Glancing back at the Parris house, he said a brief prayer. Man, that was tough—imagine losing your kid like that. The chief had mentioned a possible Internet connection. That was bad stuff, the way some freak with a computer could reach right into your house and lure your kid right out the front door. When Justin grew up, he’d have to watch him like a hawk. He’d get AOL. They had safeguards for stuff just like that.

He walked across the road to look at the other turnout. A raven flew over, making a nut-cracking noise deep in its throat.

As he reached the road’s shoulder, the smell hit him.

He realized that off and on yesterday afternoon he had smelled it, too, had thought it was coming from the dumpster. But it wasn’t really a garbage smell.

It was a death smell.

He looked up and down the road, but saw nothing. Probably some poor animal had been hit by a car and crawled into the underbrush.

A thick screen of trees ran along the east side of the road. His Uncle Nate called them cancer trees because they spread like a fast-moving tumor. He stepped to the side of the road and peered between the trunks. No animal that he could see, but there was something—a solid patch of gray through the trees. Couldn’t be more than ten feet from where he stood.

An abandoned shed? No, it had a pitched roof. It looked like a little cabin. Suddenly he remembered something else Uncle Nate told him, that there were some old tourist cabins around here from the twenties, back when this road was the highway through town.

As he recalled, it had an Indian name. Cochise? No. Geronimo. The Geronimo Tourist Camp.

Randall Noone squinted at the shack, holding the tree limbs away from his face. The trees made him feel claustrophobic. They gave off a cloying odor, like peanut butter, that mixed with the death smell and made his stomach queasy. Breathing through his mouth, he made his way through the underbrush, the limbs springing back like boomerangs when he let go of them, until he was standing outside the shack.

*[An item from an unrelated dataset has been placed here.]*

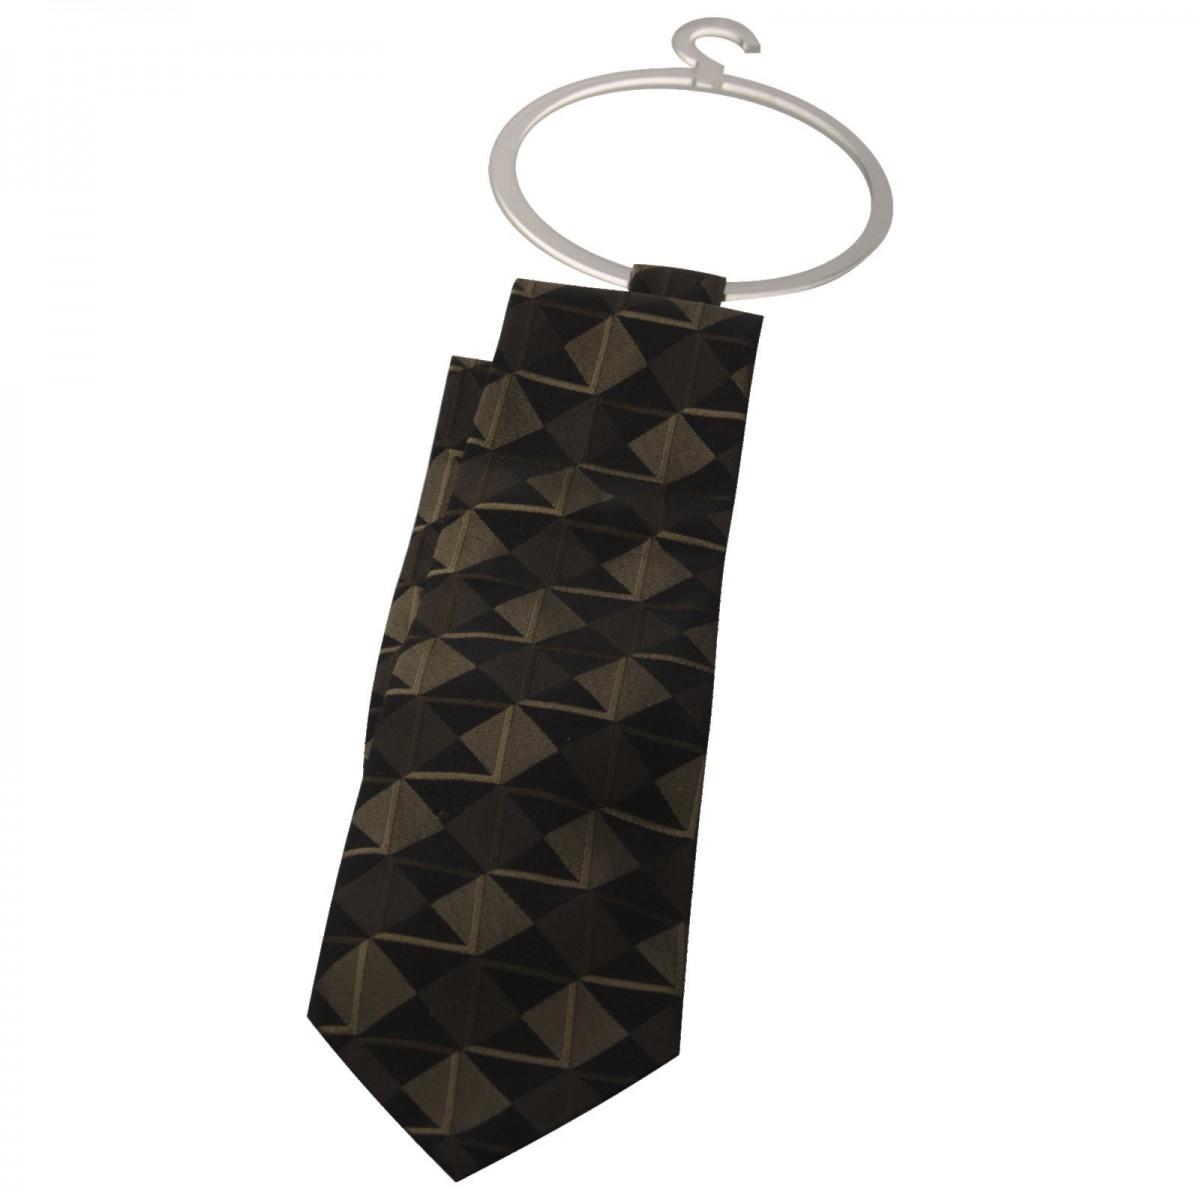 E-303 EPC-A - Porta cravatte e foulard in plexiglass trasparente - Misure 13.5 x H17 cm

The doors and windows to the cabin were gone, leaving it open to the elements—just a shell with a rusted stove pipe lying in the corner across floorboards pretty much rotted through. Place couldn’t be much bigger than a roomy bathroom.

He noticed another ghostly square to his left, maybe fifteen feet away, and went to investigate.

This cabin looked like a kids’ hangout—there was a candle, an old rug, throw pillows, rolling papers, and a boom box. A faint odor of pot.